Bly writes with conviction and an authority in her voice. Her writing holds a reader’s attention.
On the 22d of September I was asked by the World if I could have myself committed to one of the asylums for the insane in New York, with a view to writing a plain and unvarnished narrative of the treatment of the patients therein and the methods of management, etc. Did I think I had the courage to go through such an ordeal as the mission would demand? Could I assume the characteristics of insanity to such a degree that I could pass the doctors, live for a week among the insane without the authorities there finding out that I was only a “chiel amang ’em takin’ notes?” I said I believed I could. I had some faith in my own ability as an actress and thought I could assume insanity long enough to accomplish any mission intrusted to me. Could I pass a week in the insane ward at Blackwell’s Island? I said I could and I would. And I did.
Bly includes details that only she could uncover, since she was going undercover in the asylum.
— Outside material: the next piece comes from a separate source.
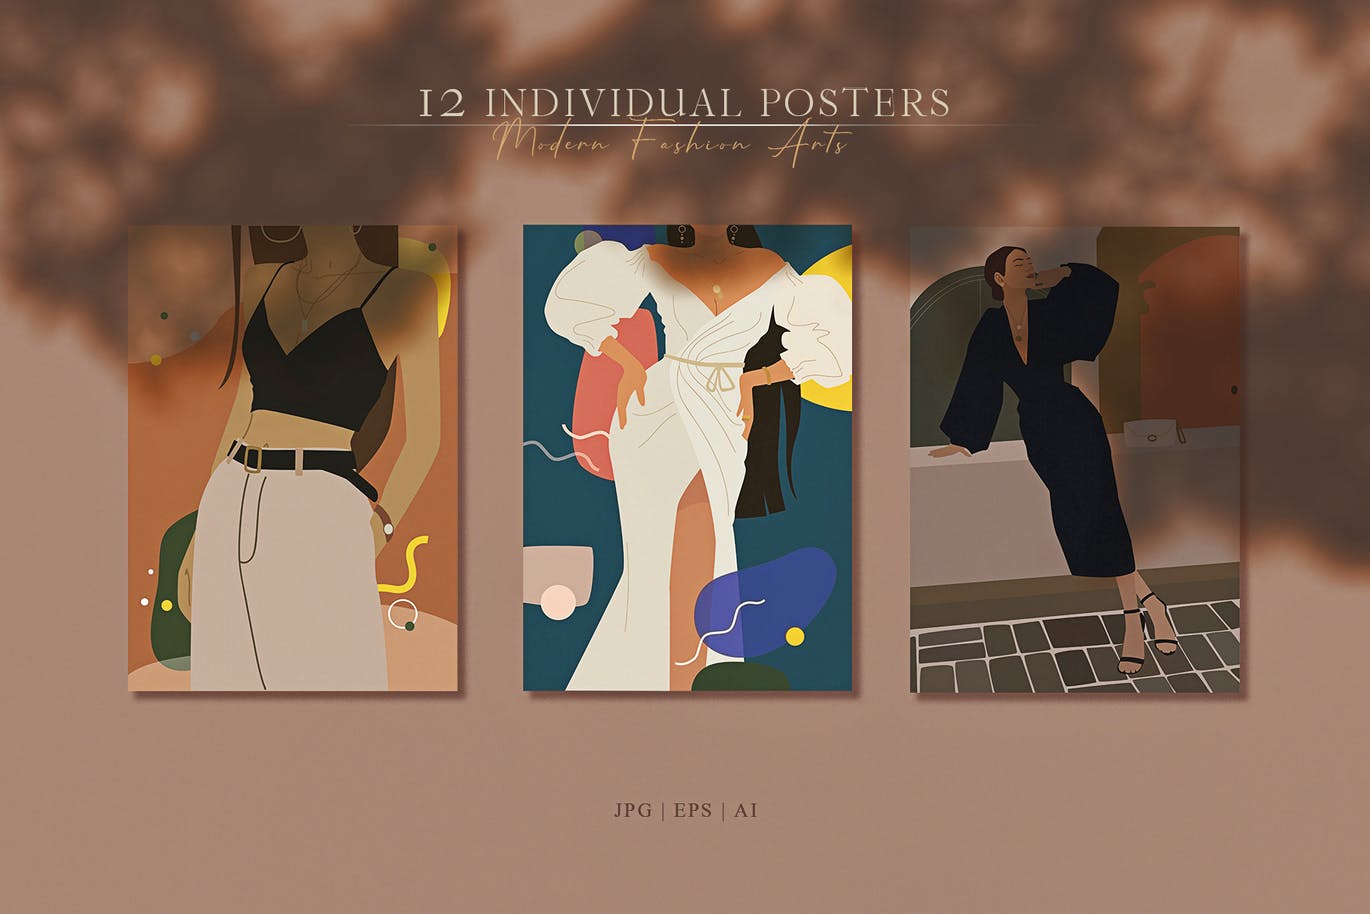 精品时尚高端简约优雅抽象女人肖像海报设计矢量插画集合-AI，JPG，PNG，EPS源文件,编号:82628942

She also includes several scenes with doctors, nurses, police officers and quotes from them as well as other women in the asylum.
I was to chronicle faithfully the experiences I underwent, and when once within the walls of the asylum to find out and describe its inside workings, which are always, so effectually hidden by white-capped nurses, as well as by bolts and bars, from the knowledge of the public.
Bly was writing for social reform of the mental institutions. They were often mismanaged, kept people for long amounts of time and mistreated patients. She writes with clarity and great descriptions. And she inserts her thoughts of the system and life of the mentally insane in these institutions.
I shuddered to think how completely the insane were in the power of their keepers.